Still in the middle but don't want to lose what I had up to now.


samza-hdfs/src/main/java/org/apache/samza/system/hdfs/HdfsSystemAdmin.java 
(line 47)
<https://reviews.apache.org/r/51142/#comment216064>

    nit: when you refer to the class names, it would be better to use {@link 
HdfsSystemAdmin} {@link HdfsSystemConsumer} etc.



samza-hdfs/src/main/java/org/apache/samza/system/hdfs/HdfsSystemAdmin.java 
(line 84)
<https://reviews.apache.org/r/51142/#comment216066>

    PartitionDescriptor or PartitionDescription? I saw both used in the 
high-level designs and the code. It would better to choose one. It seems that 
PartitionDescriptor is what you intended?



samza-hdfs/src/main/java/org/apache/samza/system/hdfs/HdfsSystemAdmin.java 
(line 86)
<https://reviews.apache.org/r/51142/#comment216067>

    So, the PartitionDescriptor is immutable? Better to make a note here or in 
javadoc of this variable.



samza-hdfs/src/main/java/org/apache/samza/system/hdfs/HdfsSystemAdmin.java 
(line 91)
<https://reviews.apache.org/r/51142/#comment216075>

    You can do:
    try(FSDataOutputStream fos = fs.create(targetPath)) {
      fos.write(PartitionDescriptionUtil.toJson();
      }



samza-hdfs/src/main/java/org/apache/samza/system/hdfs/HdfsSystemAdmin.java 
(line 105)
<https://reviews.apache.org/r/51142/#comment216080>

    What if the PartitionDescriptor already exists? Could it be the case that 
the systemStreamMetadata maintains a different copy of PartitionDescriptor? It 
is not clear to me which one is the source of truth? 
directoryPartitioner.getPartitionMetadataMap()? Or 
directoryPartitioner.getPartitionDescriptor()? Maybe I miss some basic 
information regarding to the concept on PartitionDescriptor vs 
PartitionMetadataMap?



samza-hdfs/src/main/java/org/apache/samza/system/hdfs/HdfsSystemAdmin.java 
(line 130)
<https://reviews.apache.org/r/51142/#comment216083>

    It would be nice to put an example offset string here to illustrate what we 
are comparing



samza-hdfs/src/main/java/org/apache/samza/system/hdfs/HdfsSystemConsumer.java 
(line 50)
<https://reviews.apache.org/r/51142/#comment216085>

    Would be nice to add some Javadoc for this class.

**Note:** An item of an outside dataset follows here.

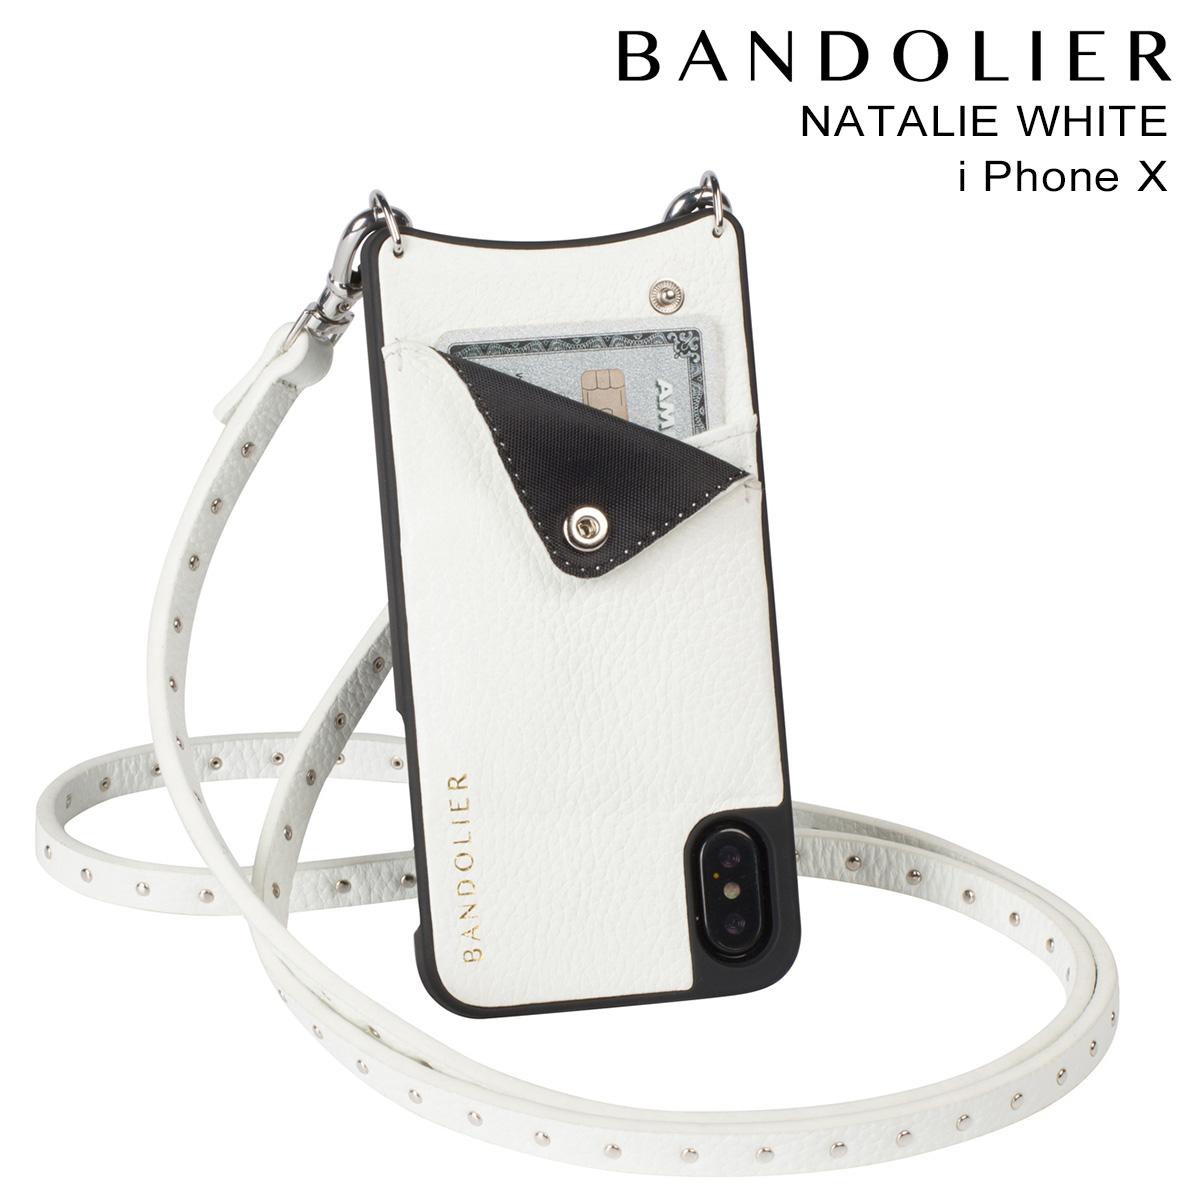 BANDOLIER NATALIE WHITE バンドリヤー iPhoneX ケース スマホ アイフォン レザー メンズ レディース [9/14 追加入荷]

samza-hdfs/src/main/java/org/apache/samza/system/hdfs/HdfsSystemConsumer.java 
(line 59)
<https://reviews.apache.org/r/51142/#comment216086>

    I would recommend to add some javadoc here to describe what's in the 
partitionDescriptionMap. This is one of the key concept in the design and would 
be nice to have Javadoc together w/ the code.



samza-hdfs/src/main/java/org/apache/samza/system/hdfs/HdfsSystemConsumer.java 
(line 60)
<https://reviews.apache.org/r/51142/#comment216087>

    So, I assume that you would have one reader per partition? It would be nice 
to add into the javadoc here as well. Also, why the readers are only keyed by 
Partition, not the stream names?



samza-hdfs/src/main/java/org/apache/samza/system/hdfs/HdfsSystemConsumer.java 
(line 61)
<https://reviews.apache.org/r/51142/#comment216096>

    nit: add javadoc here to explain what's the usage of isShutdown.



samza-hdfs/src/main/java/org/apache/samza/system/hdfs/HdfsSystemConsumer.java 
(line 64)
<https://reviews.apache.org/r/51142/#comment216088>

    What's the usage of this one, for metrics? Can we use metrics directly? 
Check KafkaSystemConsumerMetrics for a reference implementation.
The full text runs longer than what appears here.